Jerome A. Prince (born August 16, 1964) is an American politician who served as the 21st mayor of Gary, Indiana. A member of the Democratic Party, he assumed office on January 1, 2020, succeeding Karen Freeman-Wilson, and served until December 31, 2023, after being defeated in the Democratic primary for mayor by State Senator Eddie Melton.

== Early life ==
Prince was born and raised in Gary, Indiana. He graduated from Lew Wallace High School.

== Career ==
In 1982, Prince enlisted in the United States Marine Corps. In 1986, he returned to Gary and began working in real estate, insurance and retail sales. In 1994, he joined the Calumet Township Assessor's office as a real estate deputy. In 1998, he was elected to the Gary Precinct Committee Organization. In 1999, he was elected to the Gary City Council, representing the fifth district. In 2008, Prince was selected to serve as a member of the Lake County Council after an incumbent member resigned. In 2014, he was elected Lake County Assessor, where he served until 2019.

=== Mayor of Gary ===
Prince was elected mayor of Gary in 2019, defeating incumbent mayor Karen Freeman-Wilson.
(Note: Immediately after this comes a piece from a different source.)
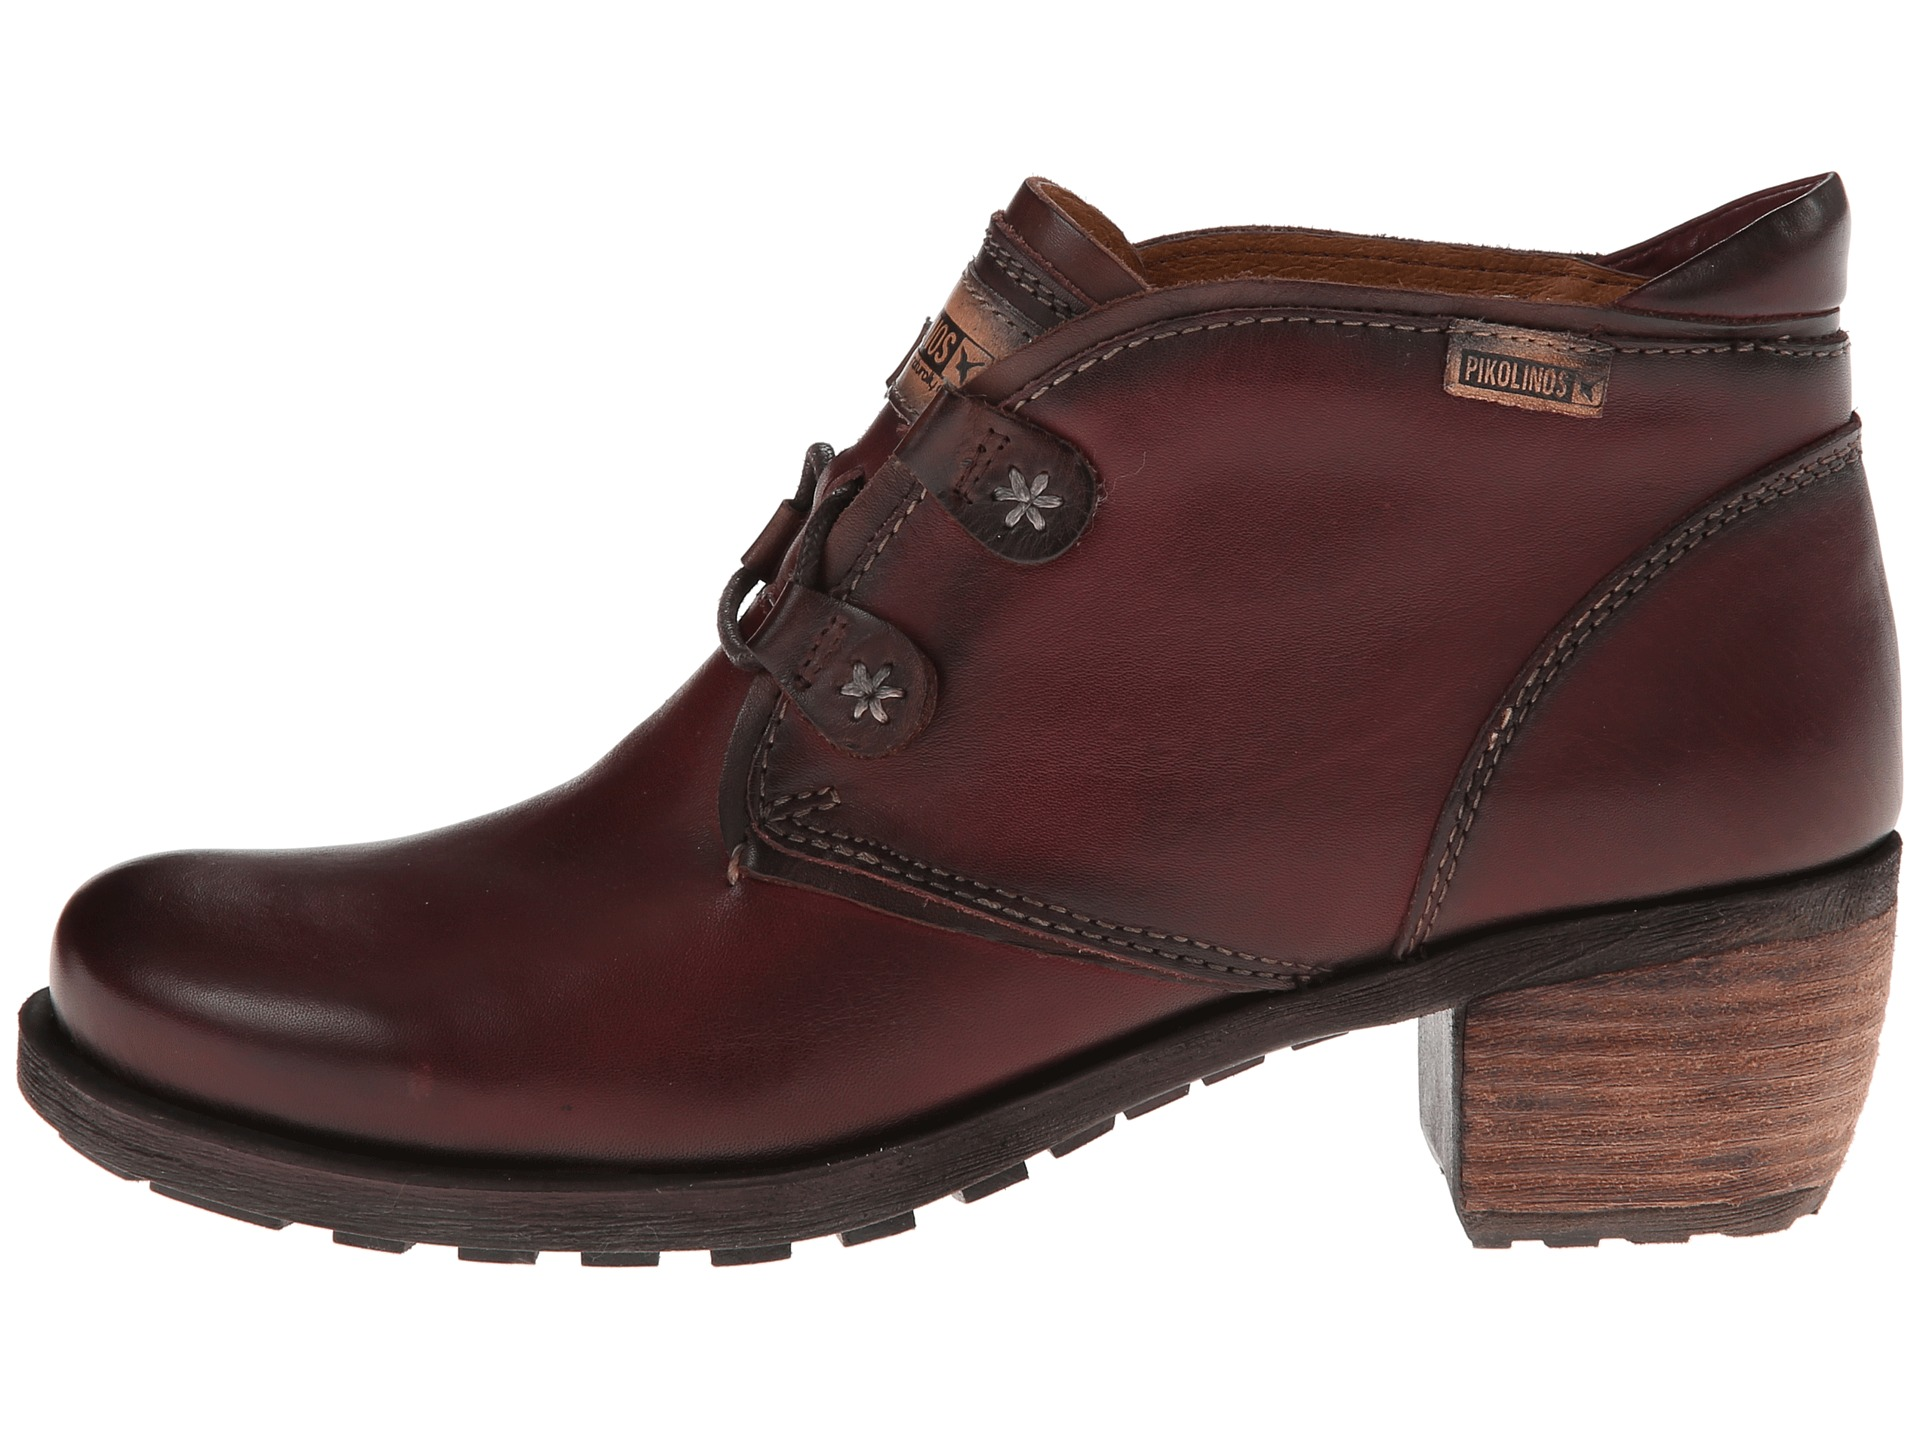 Pikolinos Shoes Men Images

He assumed office on January 1, 2020. Following the George Floyd protests, Prince pledged to sign an executive order to establish a police reform commission. Prince has advocated for returning manufacturing jobs to Gary. In March 2020, he signed his first executive order, aimed at increasing the hiring of minority, female, and veteran employees by the city government. Prince has also sought to demolish abandoned buildings around Gary as a crime reduction strategy.

On May 2, 2023, State Senator Eddie Melton defeated Prince with almost 59% of the vote to become the Democratic nominee for mayor. Prince conceded and would serve the rest of his term until December 31, 2023.